As well as informing the decision to ‘evolve’ the firm’s logo with the phrases ‘Norwich Union soon to be Aviva’ and later ‘Aviva, the new name for Norwich Union’, the new approach also influenced the company’s marketing more broadly,” Spencer said. “We wrote to [customers] before our advertising campaign, directing them to a website with previews of our adverts. Previously, we would never have shared this information, as it would have been considered confidential.

“We shared the insights with our business partners, brokers and intermediaries, reassuring them the change to Aviva would help build rather than damage their business.”

The timing of the exercise, in the midst of the financial crisis, also gave the company’s senior executives an opportunity to observe first hand how the economic turmoil was affecting customers. “Another thing that came out was seeing people’s confidence and sense of well-being impacted so greatly by the credit crunch. As we had got to know them as individuals you could see how much their attitude and behaviour changed. We built this change into our 2009 messaging because we saw it happen.”

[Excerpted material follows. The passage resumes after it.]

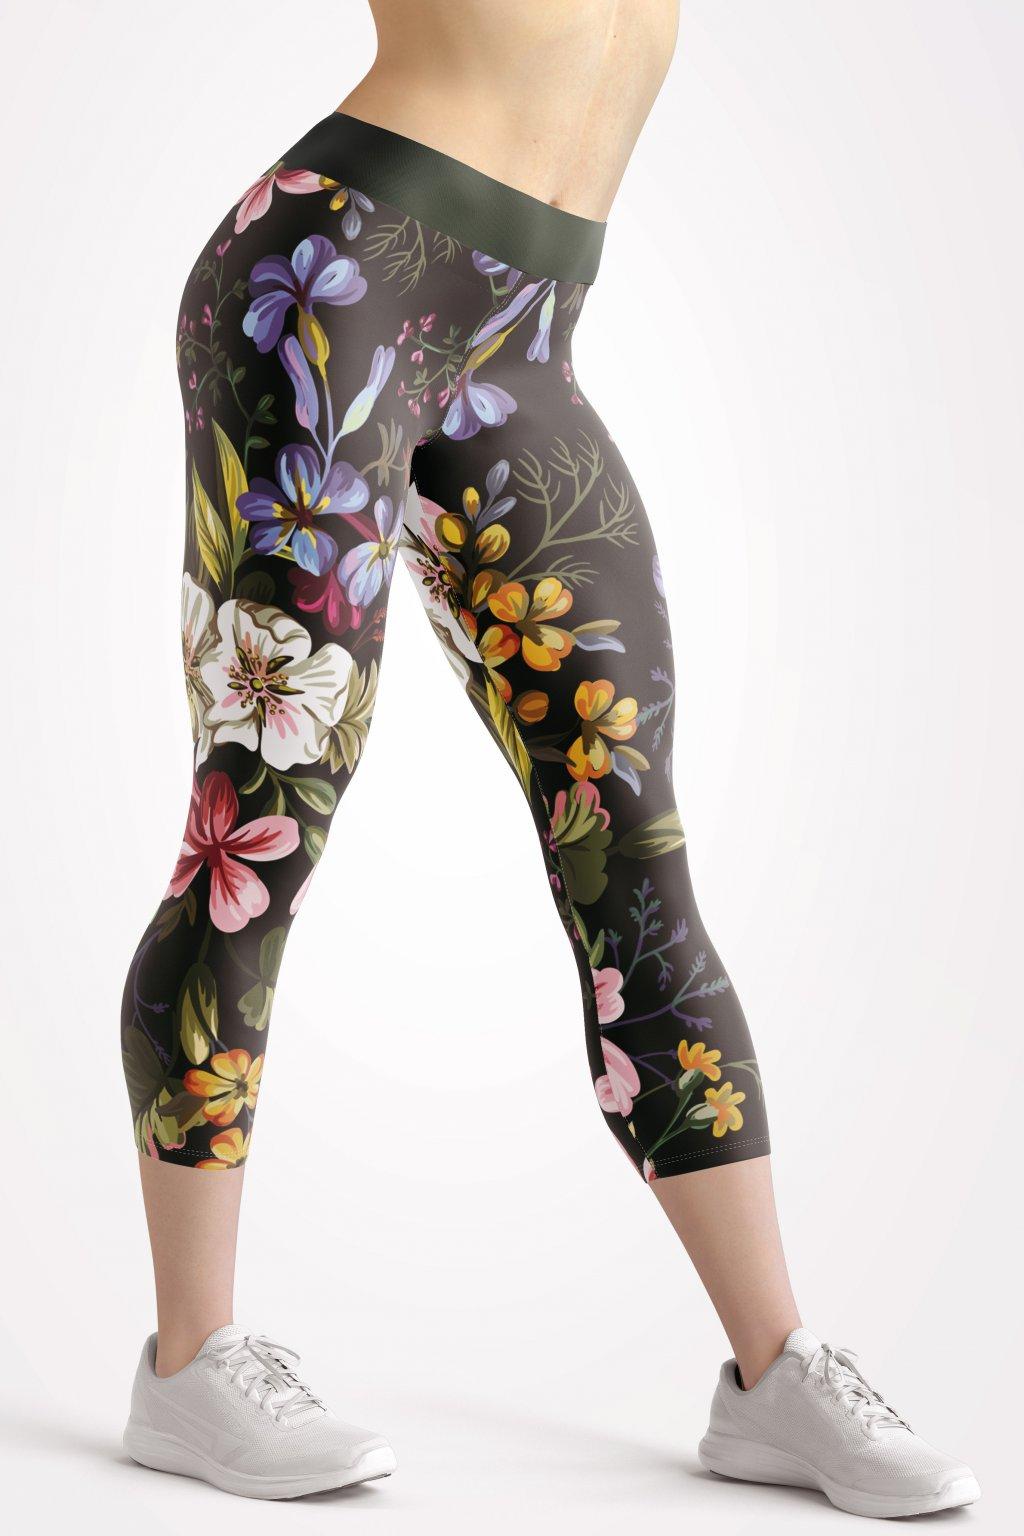 flower garden 3 4 leggings by utopy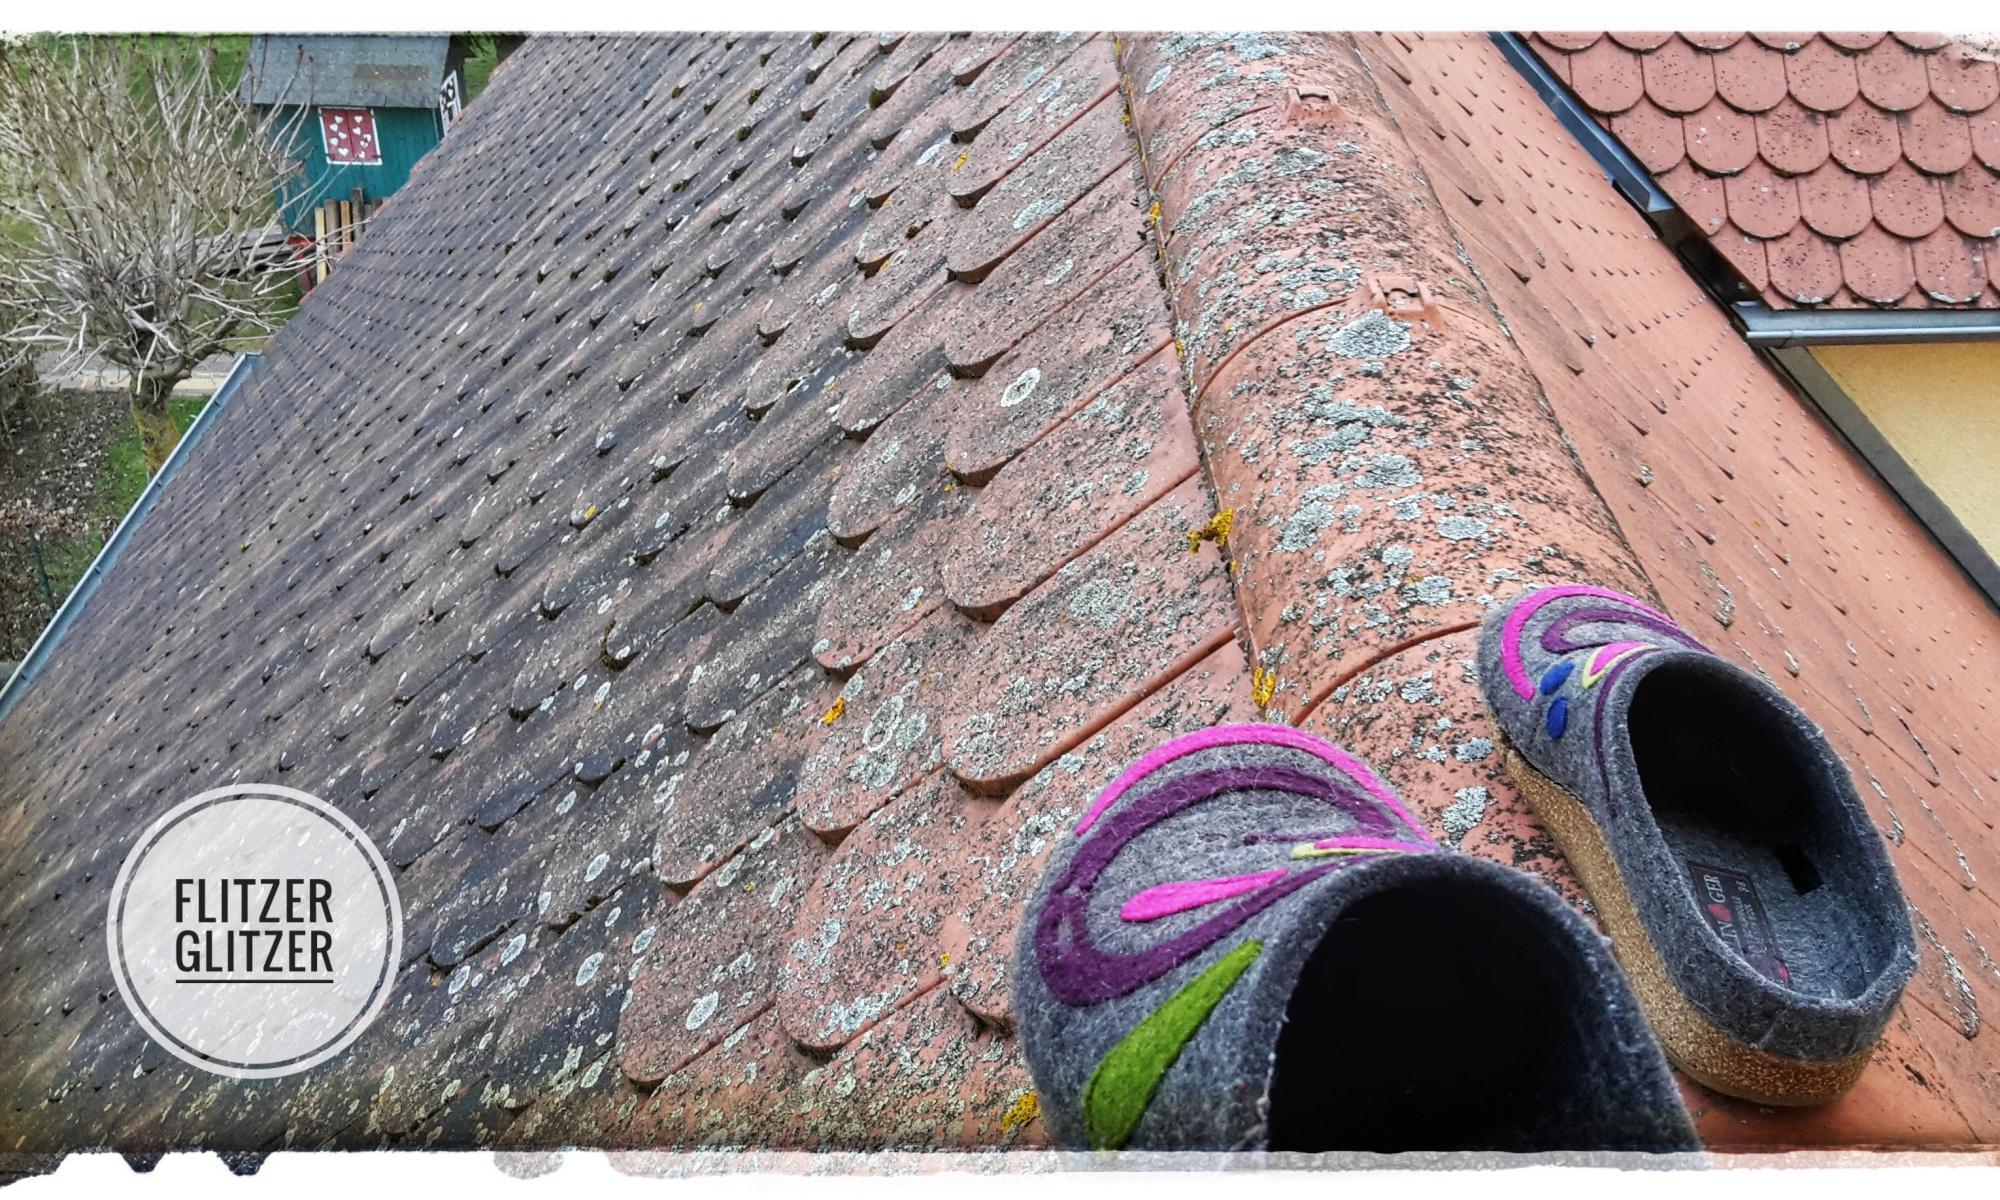 Hausschuhe auf Dachfirst

Pepp said: “The difference in outcome from normal research is the immediacy with which marketers understand their audience. They come to have personal experience of their attitudes and ways of expressing themselves. It’s like the difference between glancing at an A-Z of central London and spending an afternoon walking around the streets.”

What’s in a name?
Kay Martin, director of marketing services at Aviva, commented on the results. “The TV ads that have aired since late 2008 and early 2009 were shaped around the feedback from the councils. Customers wanted to hear that the change of name was exactly that – just a name change. Our brand tracker shows that spontaneous awareness for Aviva increased to just under 60% by the time we changed our name in June 2009. This was up from just 4% in the previous December, and consideration also increased significantly up to 50% from 11% in December.”

John Kitson, sales and marketing director for Aviva UK General Insurance, is an enthusiastic advocate of the councils. He said: “Of all the research I’ve done, probably none is more important, comprehensive or free-flowing than this. We started when the rebrand was in its infancy before the recession bit hard. And then we listened to those customers while their world changed. Tracking those changes in attitude was incredibly valuable and the nuances we picked up shaped the communications strategy 100%. It’s a remarkable success completely fuelled by research - that doesn’t often happen in financial services.”